Osman takes three quick dribbles, regards the hoop and then swishes another free throw.
"Forty-two," says Suleiman.
That would be 42 swishes in a row. Osman hits another 20 straight before a shot finally rims out, eliciting a frown from his 15-year-old face. Then he starts a new streak that reaches 38 before he stops. "I try to make 100 free throws," he says.
Next, Osman puts on an even more remarkable display. Moving from place to place on the court, he throws in an assortment of shots. He hits several long rainbows from behind the three-point arc. He moves in a few feet and banks in several 15-footers off the glass. He steps into the lane and effortlessly swishes a few half-hook shots. Then he switches hands and swishes several more with his left. Then he crosses to the opposite baseline and hits five straight turnaround jumpers.
After each shot, Suleiman silently fires the ball back to his brother. He's no longer counting, but a visitor notes that Osman hits 21 straight shots before one finally clangs off the back of the rim. There will be 15 more baskets before the next miss. And then 19 more before the next one. Out of perhaps 100 shots, Osman misses eight. Only once does he miss two in a row.

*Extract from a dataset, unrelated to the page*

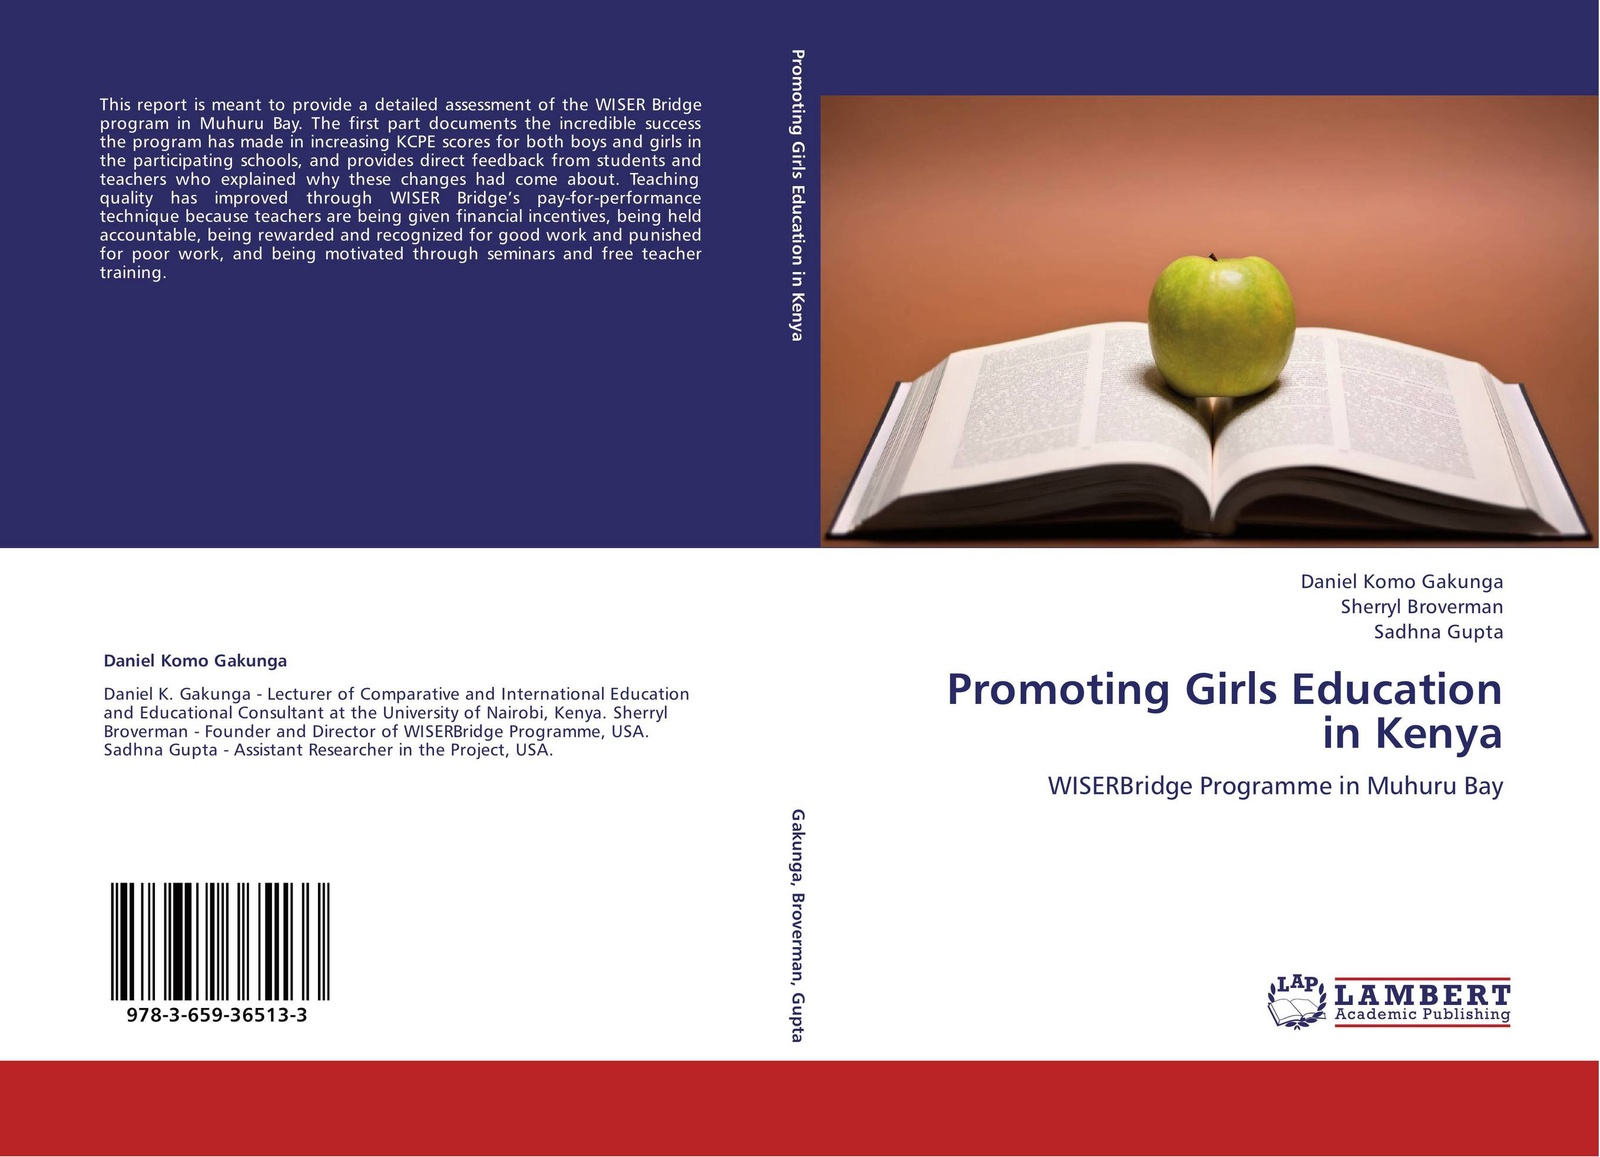 DANIEL KOMO GAKUNGA,Sherryl Broverman and Sadhna Gupta Promoting Girls Education in Kenya karanja david gakunga daniel komo teachers efficacy in the implementation of inclusive education

Osman, whose family emigrated to Nashville from Iraqi Kurdistan a decade ago, is the best pure shooter you have never seen. Yet while Osman is literally a can't-miss prospect, his prospects of playing organized basketball, much less collegiate hoops, are slim.
Instead of playing for Overton High, the school for which Osman's family is zoned, he plays pickup games in the neighborhood. Osman and Suleiman are home-schooled by their father, who was a civil engineer in Iraq.
"I doubt my parents would let me play on a team because it would take time away from my studies," says Osman, who scored 750 on the math section of the PSAT last fall. "Studies come first with my family."
So Osman contents himself with a couple of hours of shooting most afternoons. When he's not shooting during what he calls his "activity break," you might find him in a three-on-three game with kids from the neighborhood.
For most players, to develop a shooting touch far less accurate than Osman's requires far more practice than he gets during his activity break. His skill is all the more remarkable considering that he never picked up a basketball before arriving in Nashville.
"I don't know how I got it," Osman says modestly. "It is a gift."
This afternoon, Osman, who stands at 5-foot-11 with his shoes on, has just finished torching four different teams of mostly taller boys. In each of the contests, Osman has done most of his team's scoring.
"He doesn't miss," says Derrick Avant, one of Osman's pickup teammates on this afternoon. "They'll be right in his face and it doesn't matter. He's just feelin' it. Every day he'll be out here, this little kinda white dude, schoolin' everybody. Two guys who play for MLK came one Saturday, and he shot 'em out. They started callin' him Larry Birdistan."
Osman, overhearing, just smiles.
Word of such a shooting prodigy gets around. Several AAU coaches have implored Osman's parentsin vainto let their son play for them.
"I heard about Osman from one of my players," says Tim Boguskie, who coaches an under-16 traveling squad. "I saw him not miss a shot for three whole games. It was like Jerry West. I mean, nobody shoots like that.
"I asked a friend who's an assistant at Duke to see him play. He said they'd commit right now to offer him a scholarship in three years. But Osman's parents won't go for that. They're determined he'll spend most of his time studying. Osman may go to Duke, but it will be for his grades."
Osman allows that the coach's prediction about organized basketball is probably right. "I will honor my parents," he says. "But I will keep shooting. I love to shoot."